Леглер В.А. Научные революции при социализме.


Глава VI. Нормальная наука

4. Индивидуальная стратегия. Иллюзия соревнования

Среди советских ученых нетрудно встретить людей, которых и по своей психологии, и по результатам своей деятельности можно назвать «подлинными учеными». Некоторые люди устроены так, что они, вопреки всему, происходящему вокруг, все равно занимаются наукой. Не опровергается ли этим все сказанное выше? Ведь если есть настоящие ученые, то есть и настоящая наука. Но в книге Куна имеется замечание, что иногда члены сообщества могут быть учеными, а совокупный результат их действия не будет наукой. Для существования науки недостаточно наличия талантливых индивидов. Важно и то, каким образом они объединены в действующую структуру.

Кумулятивная нормальная наука напоминает сборку некоего здания из блоков, изготавливаемых и монтируемых по определенному плану. Это здание в каждой науке строится совместными усилиями ученых всех стран. Каждая его деталь, т.е. частное исследование, опирается на предшествующие, и служит опорой для последующих. Цель истинного ученого состоит в том, чтобы внести как можно больший вклад в эту постройку. Здесь сотрудничество ученых сочетается с конкуренцией – одновременно многие понимают логику строительства, и тот, кто первым изготовит необходимый сегодня блок, останется в числе авторов здания. Продублировать исследования и доставить нужную деталь с опозданием означает не сделать ничего. Наука даже еще более сурова, чем спорт. В ней нет серебра и бронзы, и чтобы остаться в ее истории, нужно хоть однажды быть первым.

В этом соревновании советский ученый сталкивается с перечисленными выше «факторами отставания». Они создают ему дополнительные трудности, отсутствующие у его зарубежных коллег. Но поскольку факторы отставания имеют статистический характер, ученый или группа ученых могут надеяться на локальные флуктуации. За счет своего таланта, интенсивного труда, щедрого финансирования они могут преодолеть отставание и выиграть научное соревнование на узком участке исследовательского фронта. Крупнейшей флуктуацией такого рода, возможно, является успех группы Королева в космическом соревновании в 1957-1967 годах, достигнутый благодаря его научному и организаторскому таланту и полученным – от государства неограниченным полномочиям и ресурсам (подробнее об этом ниже).
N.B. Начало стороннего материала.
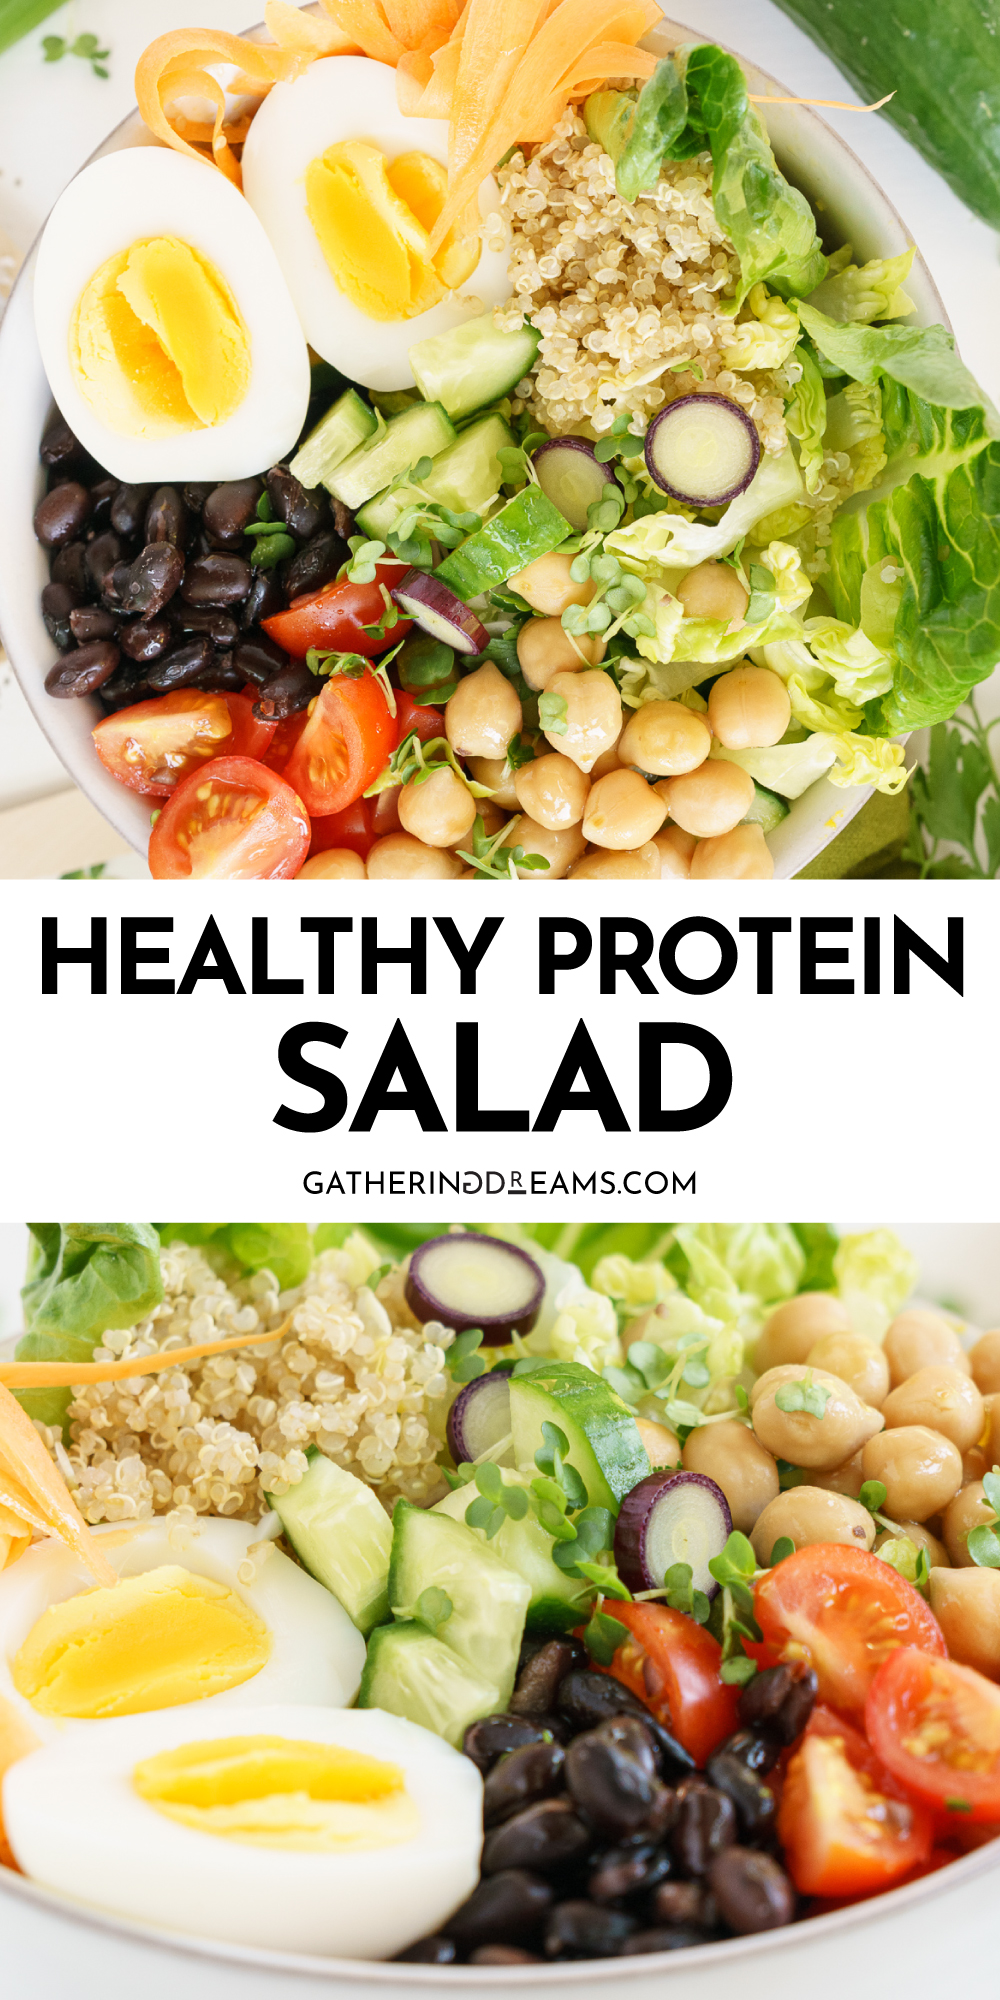 Protein Salad (Meal Prep) - Gathering Dreams

Но советская наука в целом этого сделать не может, поскольку статистический закон может быть преодолен лишь в части системы, а не во всей системе. Советские научные сообщества в целом обречены на хроническое отставание.

Из этого следует, что ученый, желающий внести свой вклад в здание мировой науки, должен ориентироваться не на советские, а на зарубежные работы, иначе его научный уровень окажется безнадежно низким. Фактически, он должен внутренне выйти из своего научного сообщества и стать частью мирового научного коллектива. Именно так ведут себя те, кого лично я считаю настоящими учеными. Во всем – в постановке задачи, в методах решения, в полученных результатах – они ориентируются на мировую науку, часто оставаясь совершенно непонимаемыми своими соседями по лаборатории.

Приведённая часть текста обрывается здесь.